Bölgesel coğrafya çeşitli alanları ayrıntılı olarak inceleyip örnek olayları ele alırken çok sayıda konu arasında da bağıntılar kurmak zorundadır fakat genel kurallar geliştiremez. Genel (sistematik) coğrafya ise belirli bir zamanda bir özelliği daha geniş bir bakış açısıyla inceler ve belirli bir zamanda bir konuyu etkileyen faktörler üzerinde durur; böylece genel kurallar geliştirebilir.

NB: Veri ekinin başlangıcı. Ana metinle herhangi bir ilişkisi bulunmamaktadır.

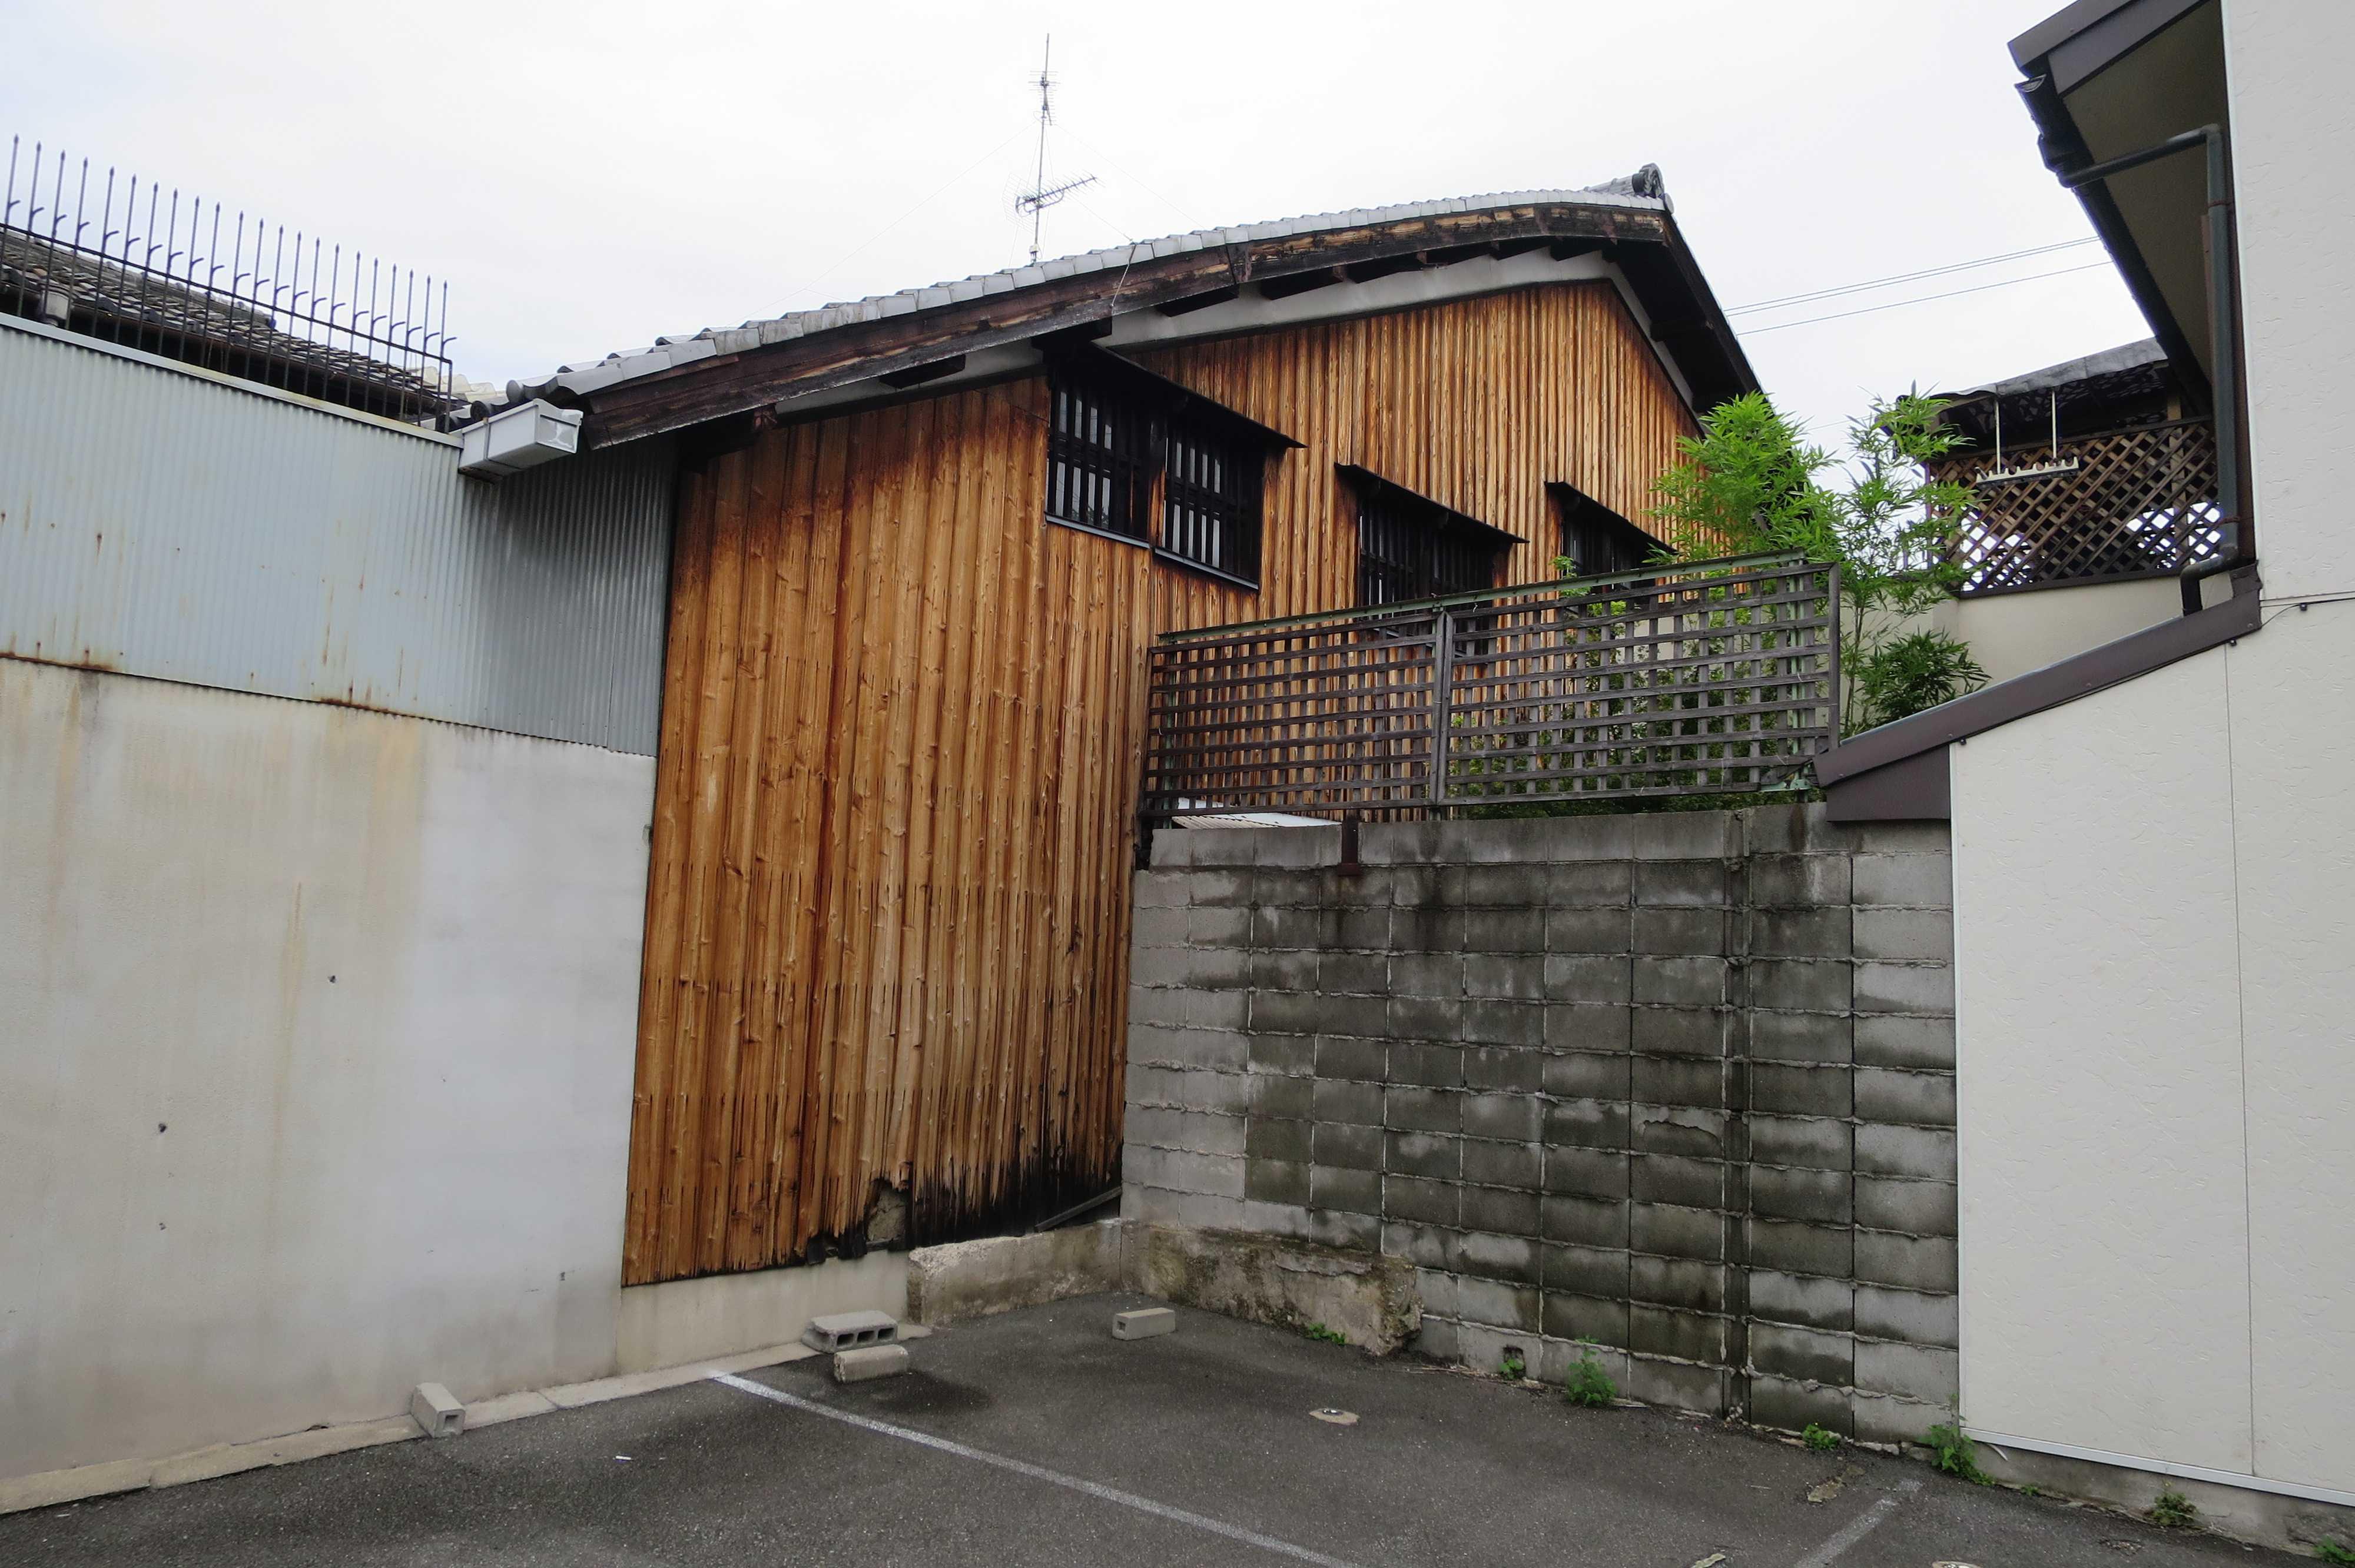 京都 - 板壁の家

Bölgesel ve sistematik coğrafyaların birbirlerini “tamamlayıcılığı” şöyledir: Bölgesel coğrafya çok miktarda bilgi sağlayarak her bölgeye ayrı ayrı gidemeyecek olan genel coğrafyacıya katkıda bulunur. Buna karşılık genel coğrafyacı da bölgesel coğrafyacının çalışmalarına anlam katacak kural ve ilkeleri bir çerçeve hâlinde sunarak ona katkı sağlar. Amerikalı coğrafyacı Schaefer, eleştiriyle karşılanmış olsa da “bölgesel coğrafya, temelde, teorik olan konunun (coğrafyanın) laboratuvar yanı hâline gelmelidir” önerisinde bile bulunmuştur.

1960’lı yıllarda coğrafyada teori arayışlarının hızlanmasıyla, “klasik” olarak nitelenen, belirli bir mekân parçasının (yöre, bölge, ülke vb.) “monografya” tarzında incelenmesi olan bölge çalışmalarına eleştiriler getirilmişse de coğrafyanın “bölgesel” odak noktası, bölgesel bakış açısı asla yok olmamıştır. Bölgeler coğrafyada en merkezi konumu işgal etmişlerdir ve coğrafi literatürde de artık “klasik” olarak nitelenen çalışmaların çoğunu bölgesel monografyalar oluşturmuştur.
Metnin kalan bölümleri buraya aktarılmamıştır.